▸ DATA
■ ■ ■ ■ ■ ■ ■

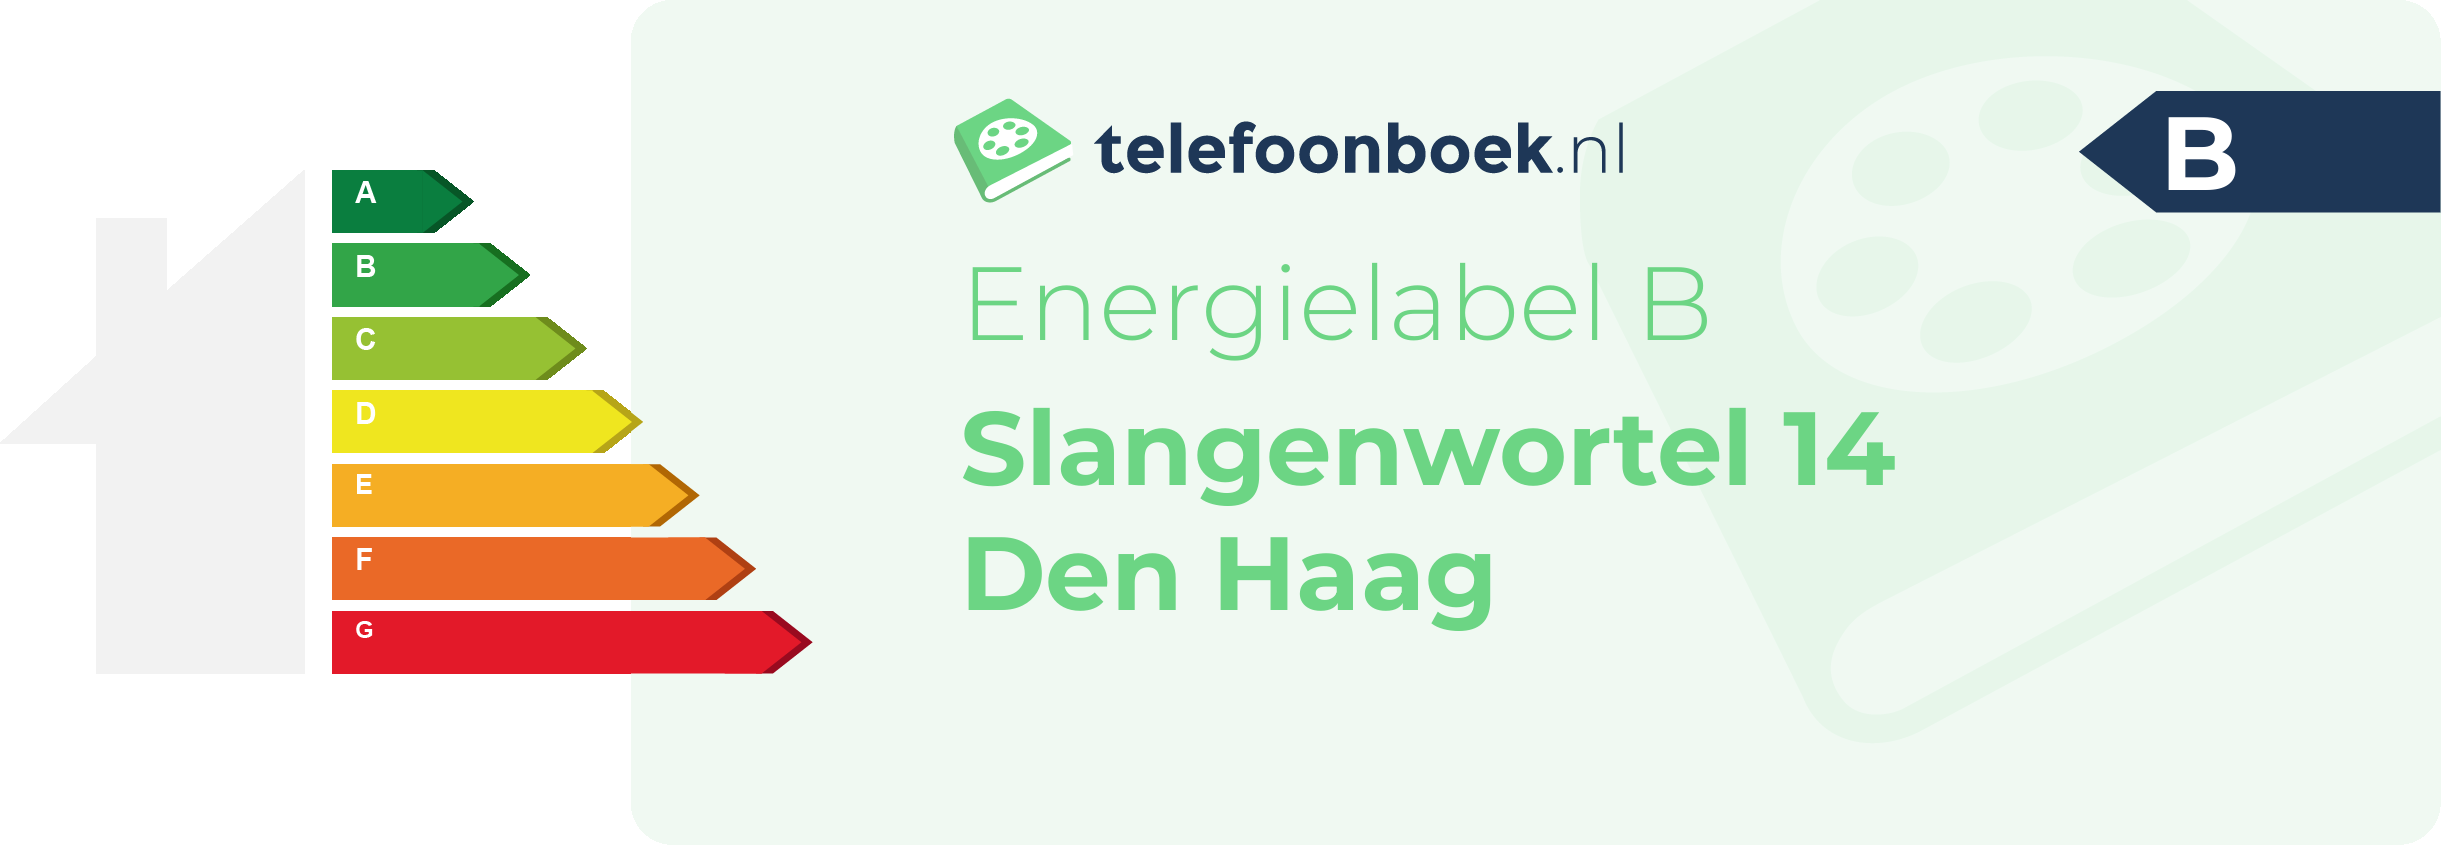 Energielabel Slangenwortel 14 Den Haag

■ ■ ■ ■ ■ ■ ■

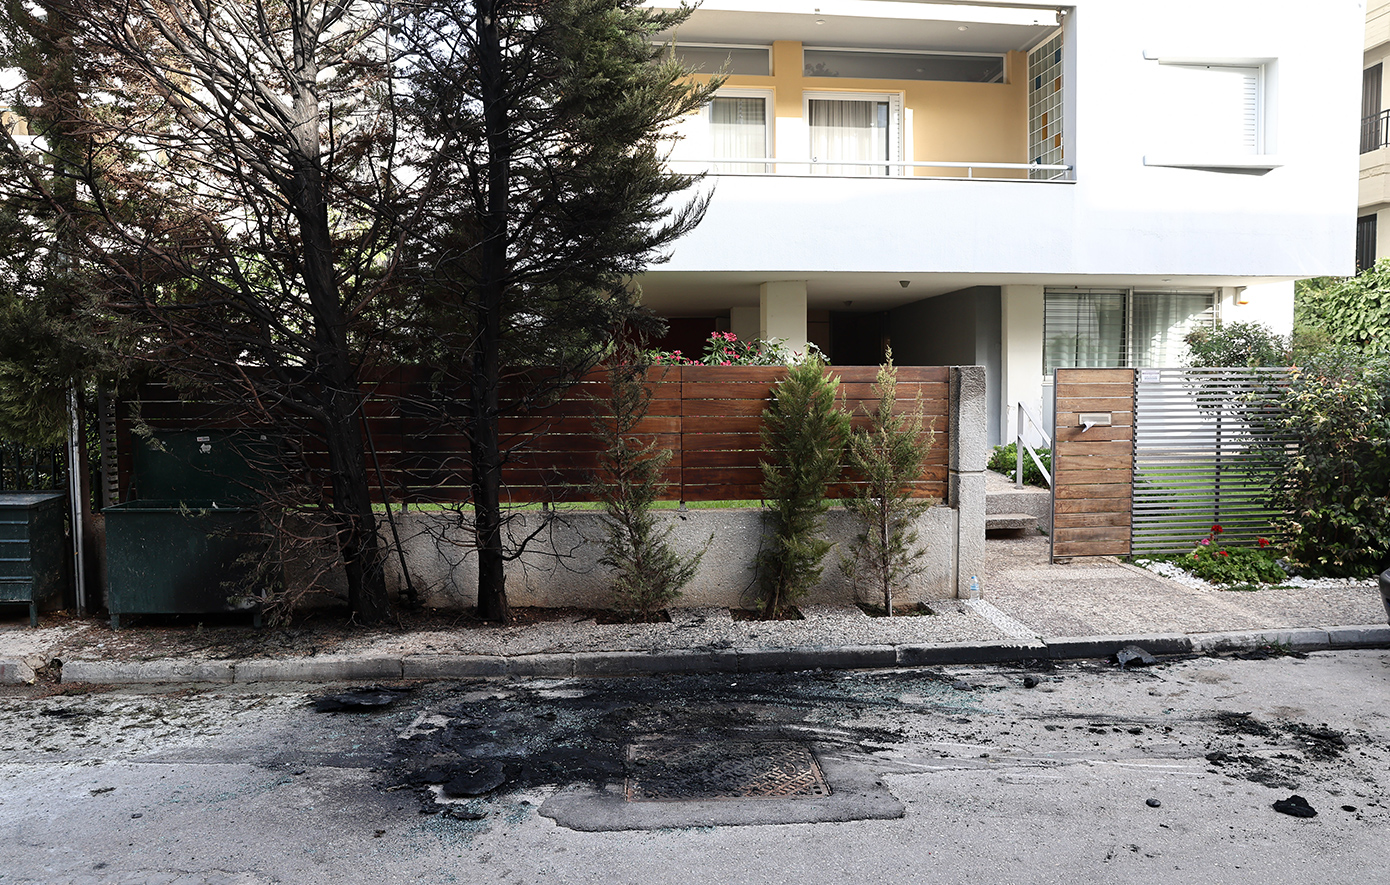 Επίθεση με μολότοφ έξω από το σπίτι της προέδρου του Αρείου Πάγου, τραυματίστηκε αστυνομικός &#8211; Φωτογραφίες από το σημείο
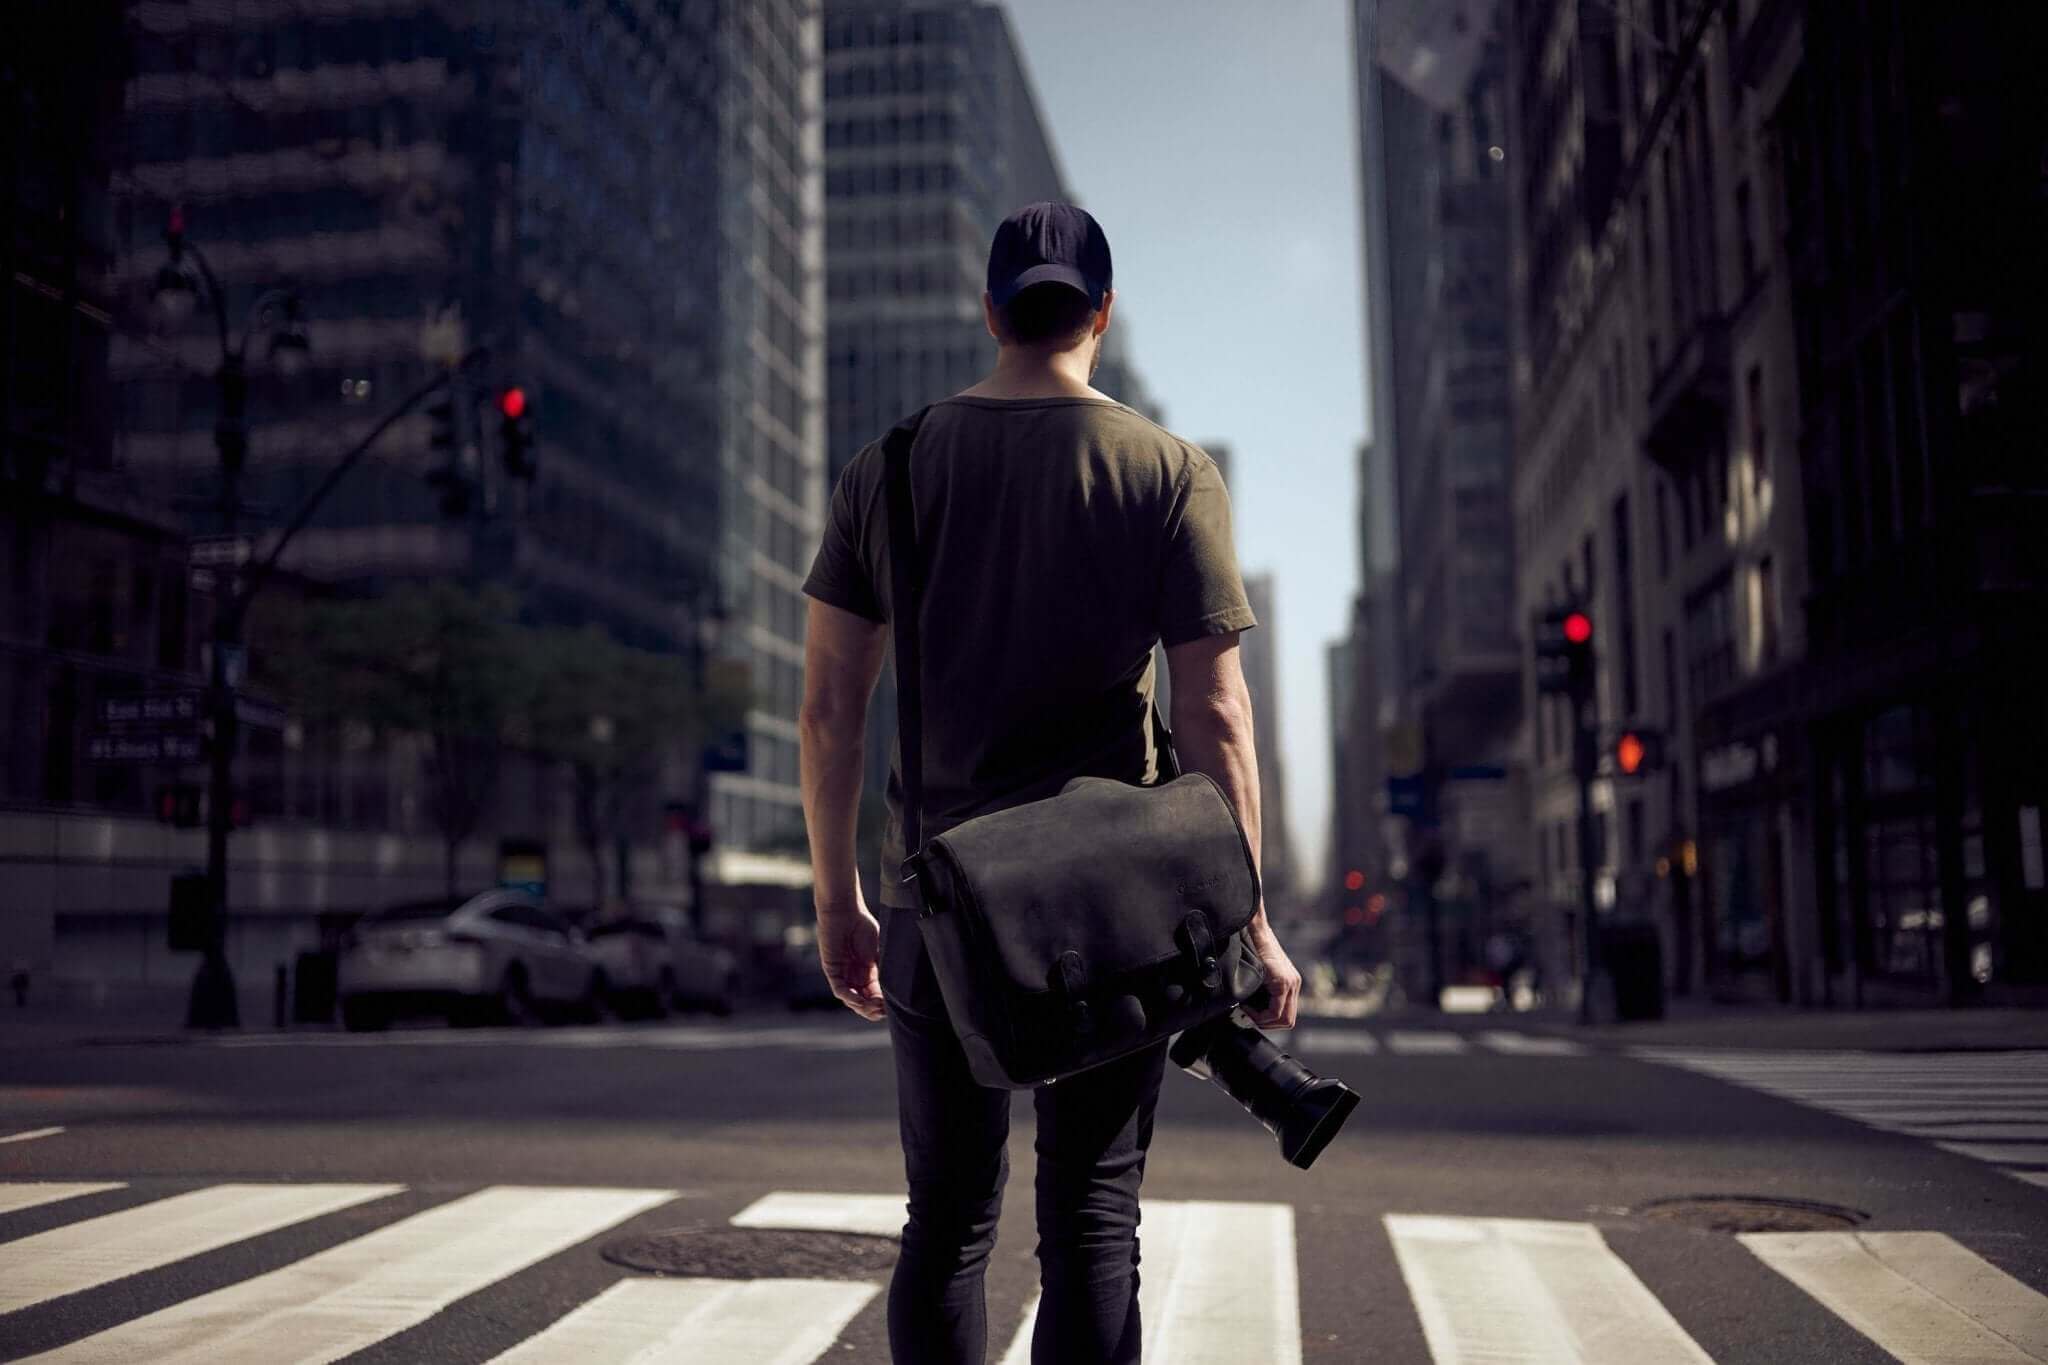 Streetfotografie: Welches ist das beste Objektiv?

■ ■ ■ ■ ■ ■ ■

▸ DIRECTIONS FOR THIS TASK
The answer should consist only of the lines above from the one with "Επίθεση με μολότοφ" through the one with "Streetfotografie: Welches ist", repeated exactly, with no pictures among them.

▸ SOLUTION
 Επίθεση με μολότοφ έξω από το σπίτι της προέδρου του Αρείου Πάγου, τραυματίστηκε αστυνομικός &#8211; Φωτογραφίες από το σημείο
 Streetfotografie: Welches ist das beste Objektiv?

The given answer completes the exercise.